Symmetric operator : Is it $(\overline{T})^{*}= \overline{T^{*}}$ true?

Question

I have known that if the operator $T$ is closable, then $$ T^{*}=(\overline{T})^{*}.$$

If the closure and dual can commutative? In other words, if $T$ is symmetric and unbounded, then $$(\overline{T})^{*}=\overline{T^{*}}.$$

Is it true? Obviously, $T \subset T^{*}$, and $\overline{T} \subset \overline{T^{*}}$.

Moreover, is it true if T is essentially self-adjoint? ( If $T$ is self-adjoint, the proposition is true.)

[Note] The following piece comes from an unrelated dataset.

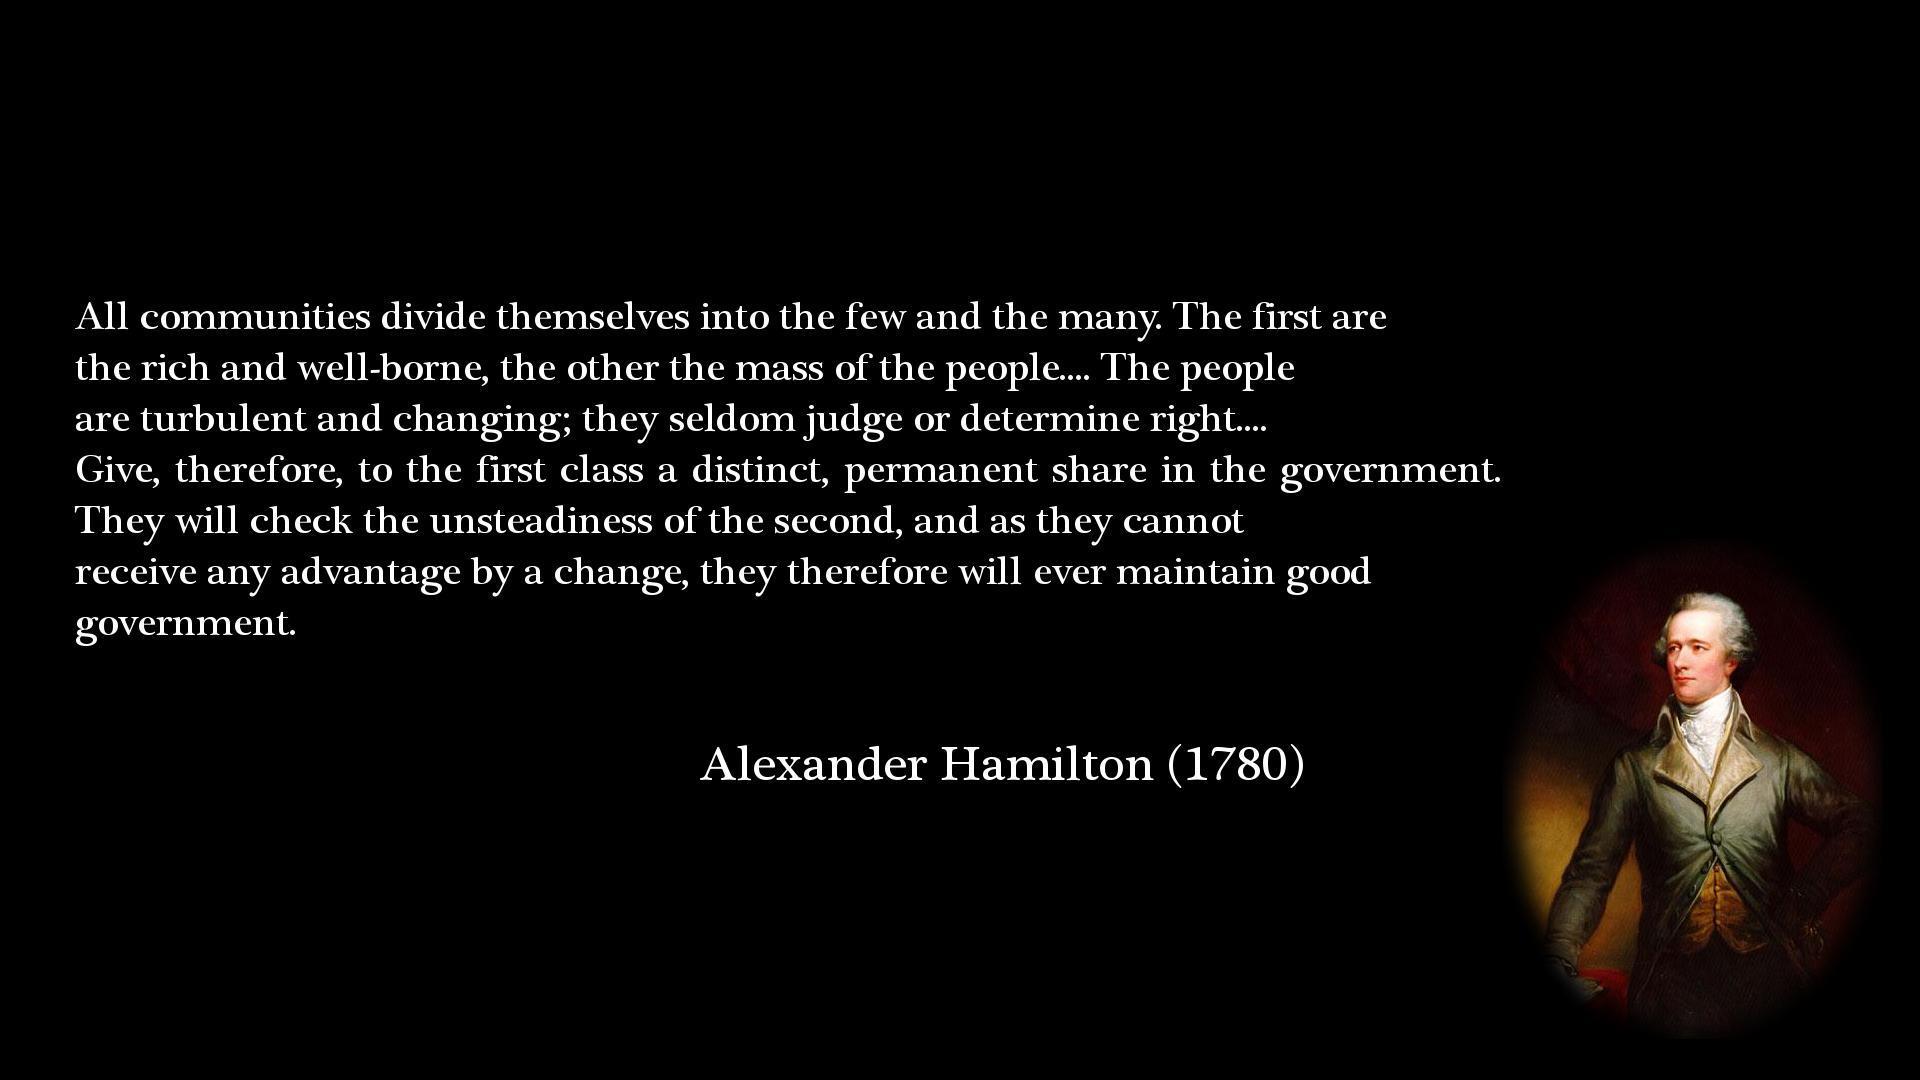 Alexander Hamilton Quotes Wallpaper Image Gallery
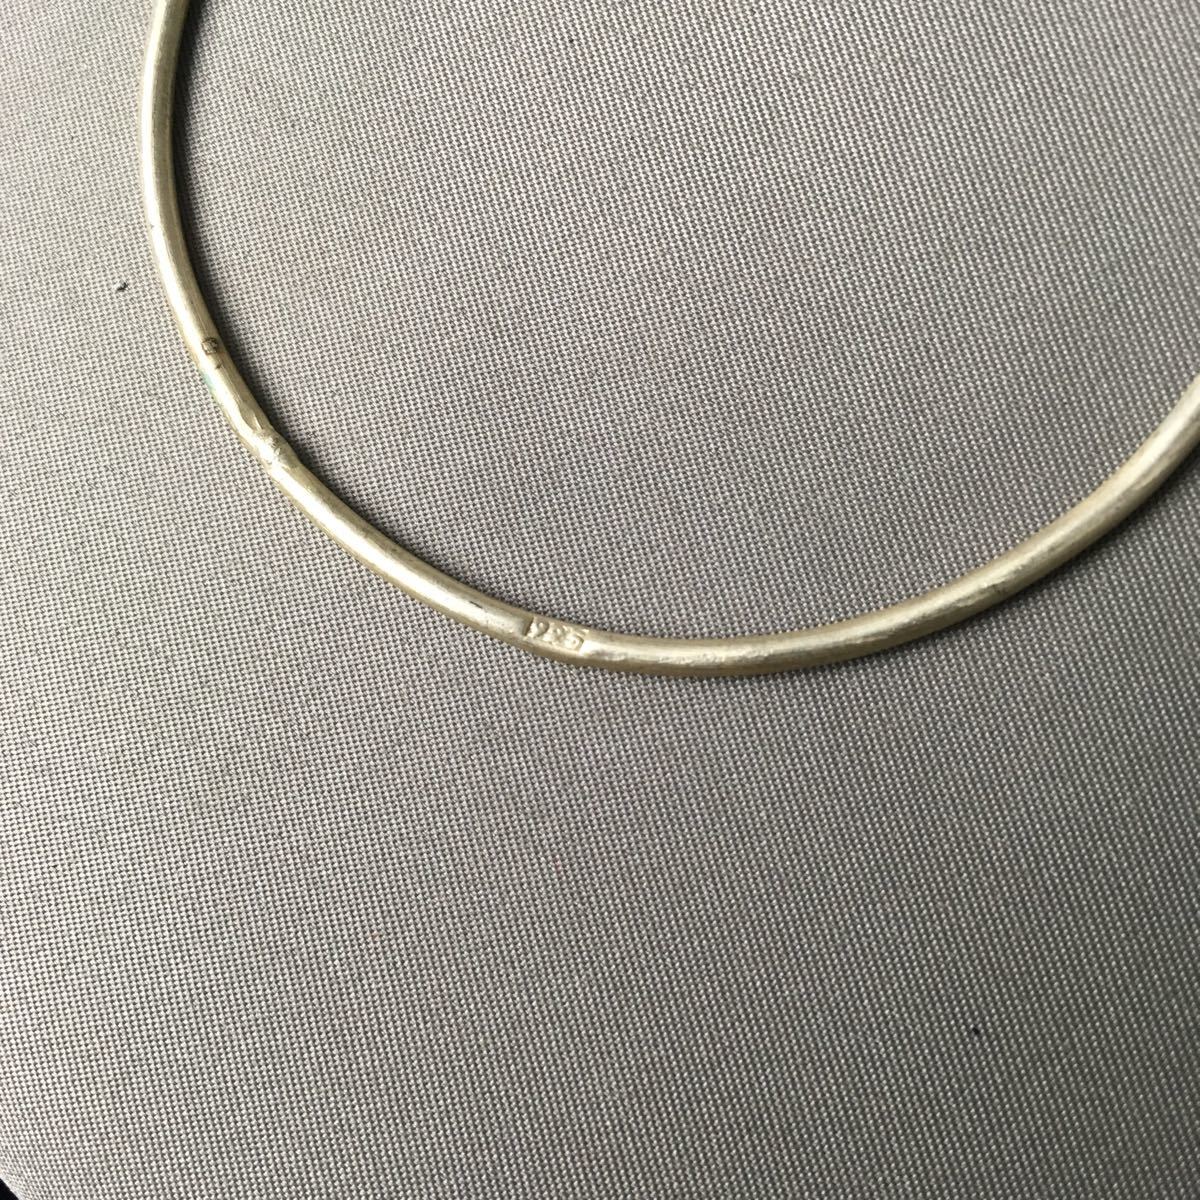 K178 silver accessory bracele 2 point set Vintage 925

Actually, I want to ask why it is true if $T$ is symmetric and essential self-adjoint $$ker(T^{*}+iI)=ker((\overline{T})^{*}+iI)?$$

Answer 1

If $J$ is the isometric transpose map $J(x,y)=(y,-x)$ from $H\times H$ to itself, then $$ \mathcal{G}(T^*)= J\mathcal{G}(T)^{\perp}. $$ This is well-defined if $T$ is densely-defined. The graph of the closure of $T$ is $\overline{\mathcal{G}(T)}$. Basic properties of orthogonal complement give $$ \mathcal{G}(T^*) = J\overline{\mathcal{G}(T)}^{\perp} = J\mathcal{G}(\overline{T})^{\perp} = \mathcal{G}(\overline{T}^*)$$

Answer 2

$T^{\ast}$ is a closed operator, so $\overline{T^{\ast}}=T^{\ast}$. In general, we have $(\overline{T})^{\ast}\subseteq T^{\ast}$.